Smudging 101

Smudging originates as a North and South Native American ritual to cleanse and purify before or during ceremonies, and to call for balance and harmony. This technique has been done for centuries and is still done today. However, smudging has adapted into a technique the every day person can use to purify the air inside the home, or clear negative energies. The ritual of smudging has been related to “spiritual house cleaning.” Smudging is even suggested for cleansing healing crystals to clear them before use.

How does it work 

“Certain plants when burned release a high vibrational energy through the fragrance and their smoke is used as an offering to create harmony and peace, purification and healing protection of physical and spiritual bodies, banishment of negative energies and creation of sacred space. When the herbs are burned it is thought that the soul of the plant is released to aid its energies for a particular invocation. In theory, the smoke attaches itself to negative energy and as the smoke clears it takes those negative energies with it and releases it into another space where it will be regenerated into positive energy.”

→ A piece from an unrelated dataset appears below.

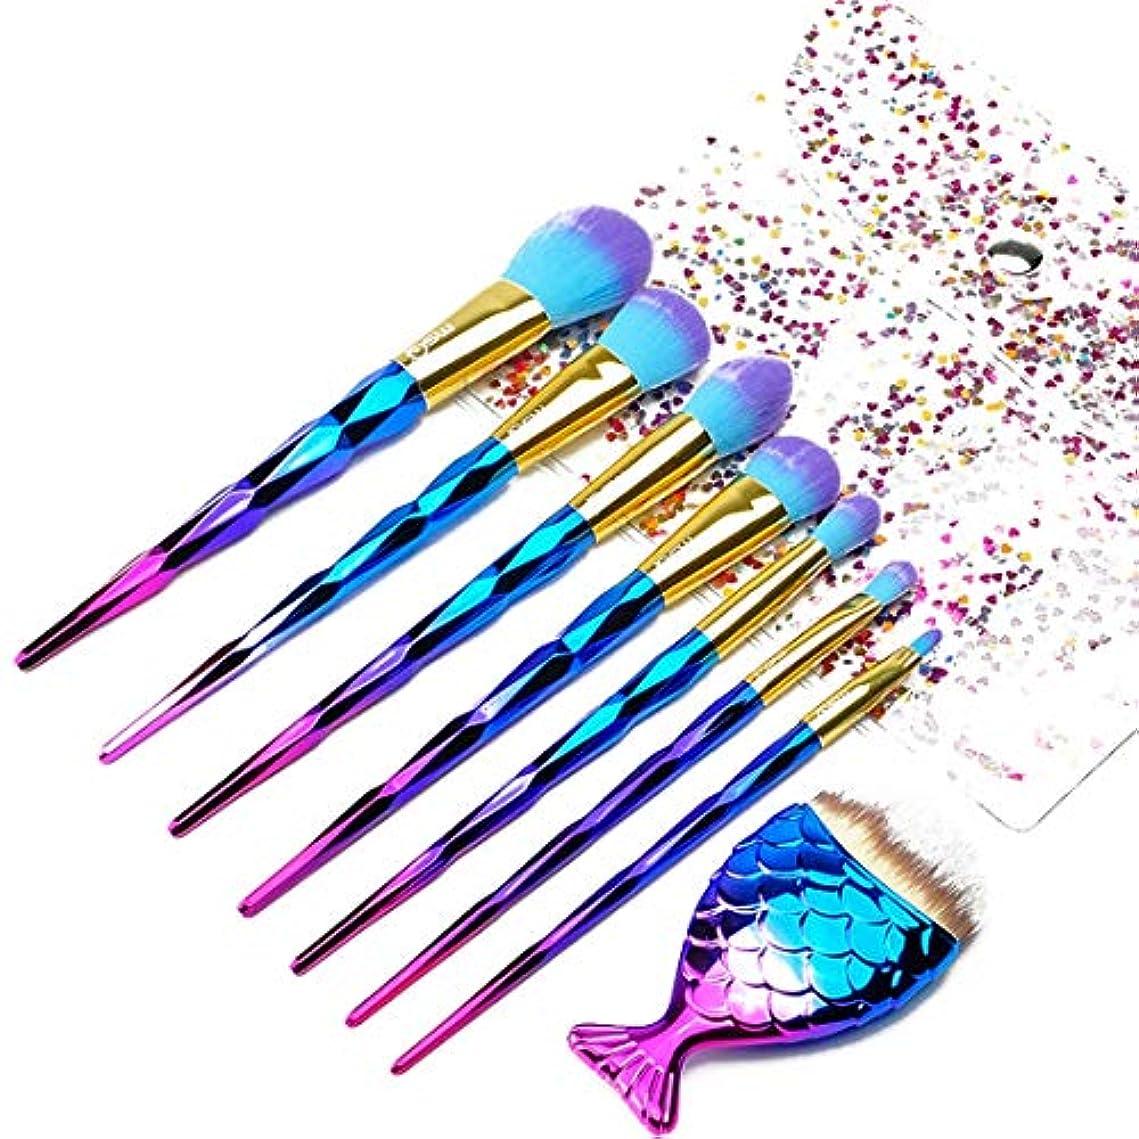 添加剤原点指定する辽阳世纪电子产品贸易中心 FUYZBメイクブラシ、Angelabasics 7PCS /セットメイクアップブラシファンデーションアイシャドーブラッシャーパウダーブレンド化粧ブラシメイクブラシセット (色 : Gradient)

To use a smudge stick it has to be dry or it will not burn. Hold the handle end, and light the far end. Let it flame for about 10 seconds, blow it out so that you only see embers before you begin (similar to incense.) The smoke is what is used to cleanse. Walk around with a bowl or clay pot for ashes that may fall. Walk around the area you are purifying. I like to move the smudge stick in a clockwise direction because this ties into many traditions (called circumambulation). When you are done push the end into the bowl to put out the embers, do not wet it or run the end under water because this can create mold in your smudge stick and burning mold or mildew can cause allergies.
How to make your own
Most traditionally white sage and cedar are used for smudging. You can clearly tell the different between white sage and other sage classifications because of the color and the texture (white sage is white and fuzzy.) But, other plants can be a good option when white sage isn’t available, theses include: juniper, other types of sage (check to be safe), flowers (typically the ones that are also edible are best to burn because you know they are non toxic), thyme, lavender, mint, and other evergreen trees. Always check before you grab.
  • Harvest all plants on the day you plan to make your items, and preferably on a warm non-damp day, because you want to avoid excess moisture from the process.
  • Select your mixture, pull off any dead or decayed leaves, and make all ends (from the handle side) even, tie your string (about an arms length I find) around the end and knot it.
  • Begin to wrap up the stick tightly and work your way up it in a criss-cross pattern then work your way back down.
  • Tie your string end to the original end (and make a loop at the end to hang from).
  •  Clip any excessive shrubbery from the top of the stick and trim and edges that are sticking out too far from the sides. You’ll want to keep the string as tight as possible because it will shrink in the drying process.
  • From here using a hook (or a bent coat hanger) and hang the sticks upside down in a dry place in your home. A window with sunlight is a good option if the window does not get excessive moisture. Keep these away from moist, damp, cold environments. 
Note: be selective with what string you choose because remember this will burn as well. I suggest testing a few, or using hemp twine.